The safety and scientific validity of this study is the responsibility of the study sponsor and investigators. Listing a study does not mean it has been evaluated by the U.S. Federal Government. Know the risks and potential benefits of clinical studies and talk to your health care provider before participating. Read our disclaimer for details.
 
ClinicalTrials.gov Identifier: NCT04298723
Recruitment Status : Recruiting
First Posted : March 6, 2020
Last Update Posted : June 29, 2020
Sponsor:
Information provided by (Responsible Party):
Sven Möbius-Winkler, Jena University Hospital

Brief Summary:
Atrial fibrillation is the most common cardiac arrhythmia. In atrial fibrillation, there is a risk that clots can form in the heart, especially in the left atrium. If these clots come loose, there is a risk of stroke. To prevent strokes, patients with atrial fibrillation and status post ICB can be treated with anticoagulants. This medication therapy prevents blood clots from forming in the heart, but can also cause bleeding. Another therapy option is the occlusion of the left atrium. After closure of the left atrium, only a short anticoagulation therapy is necessary until the occluder has healed. The aim of the study is to compare these two treatment approaches. In this study only already approved drugs and occlusion systems will be used.

Condition or disease Intervention/treatment Phase
Atrial Fibrillation (AF) Intracranial Bleed Device: Percutaneous closure of the LAA (Watchman / Watchman FLX) Not Applicable

Detailed Description:

Within the current trial, two novel strategies are tested in a randomized fashion in patients with atrial fibrillation and status post intracranial bleeding. Patients with ICH were usually excluded from the large NOAC trials and were also not representatively included in the large Watchman device trials. On the other hand, registries show that there is a significant proportion of patients with status post ICH that were implanted with a LAA closure device in clinical routine, and also there are those patients treated with NOAC due to their high stroke risk, despite the risk of recurrent ICH.

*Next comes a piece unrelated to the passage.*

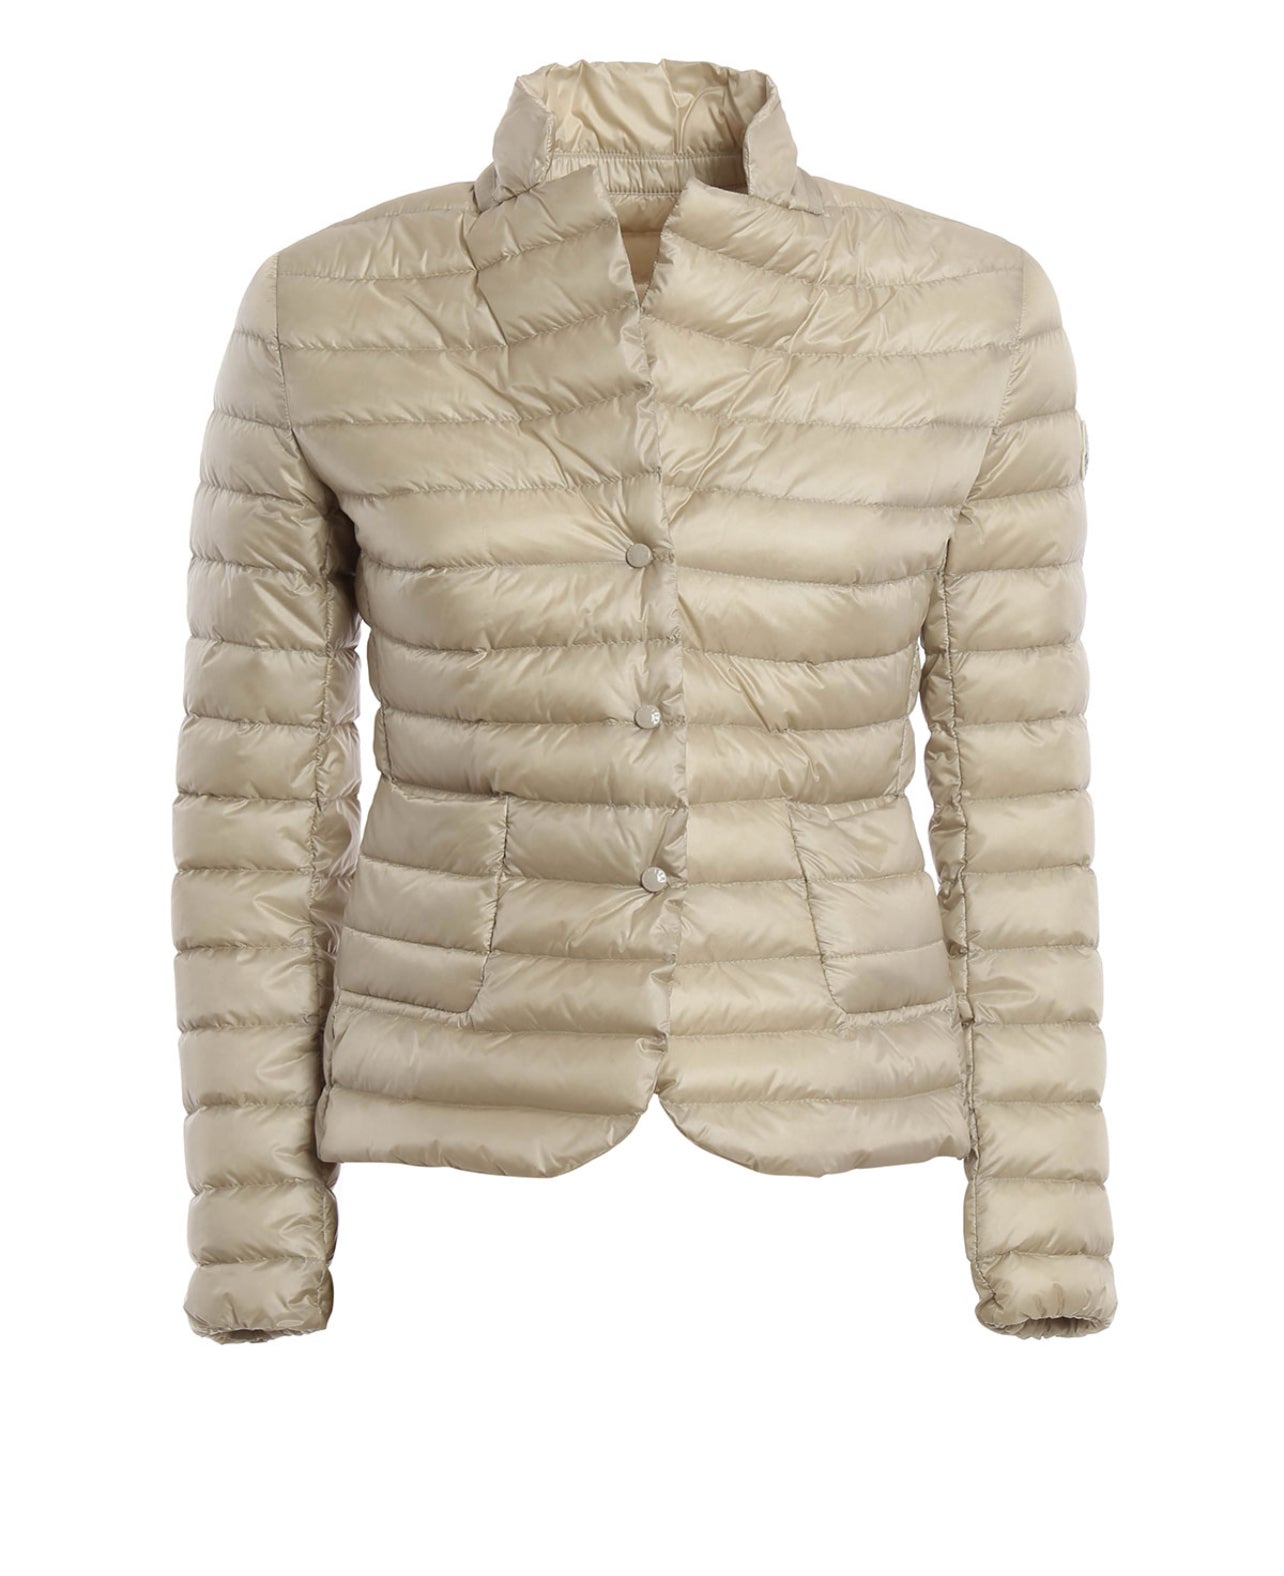 Moncler Leyla Womens Jacket - Size 1

Both therapies, NOAC and LAA closure are effective in preventing stroke in patients with AF at high risk for stroke. Also, for both therapies there is evidence for prevention of bleedings, especially intracranial bleeding events.

Patients within the LAA closure group will have the chance after successful closure of the LAA to quit oral anticoagulation medication and therefore reduce their lifetime risk for bleeding and recurrent bleeding. Patients in the NOAC group are provided with an excellent protection against stroke and a significant reduced bleeding risk compared to Vitamin K antagonist therapy.

The trial will help to develop data and hopefully guidelines for management of patients with AF and status post intracranial bleedings. It may help to give physicians data to therapy patients post ICH adequately and help to reduce mortality rates in those patients.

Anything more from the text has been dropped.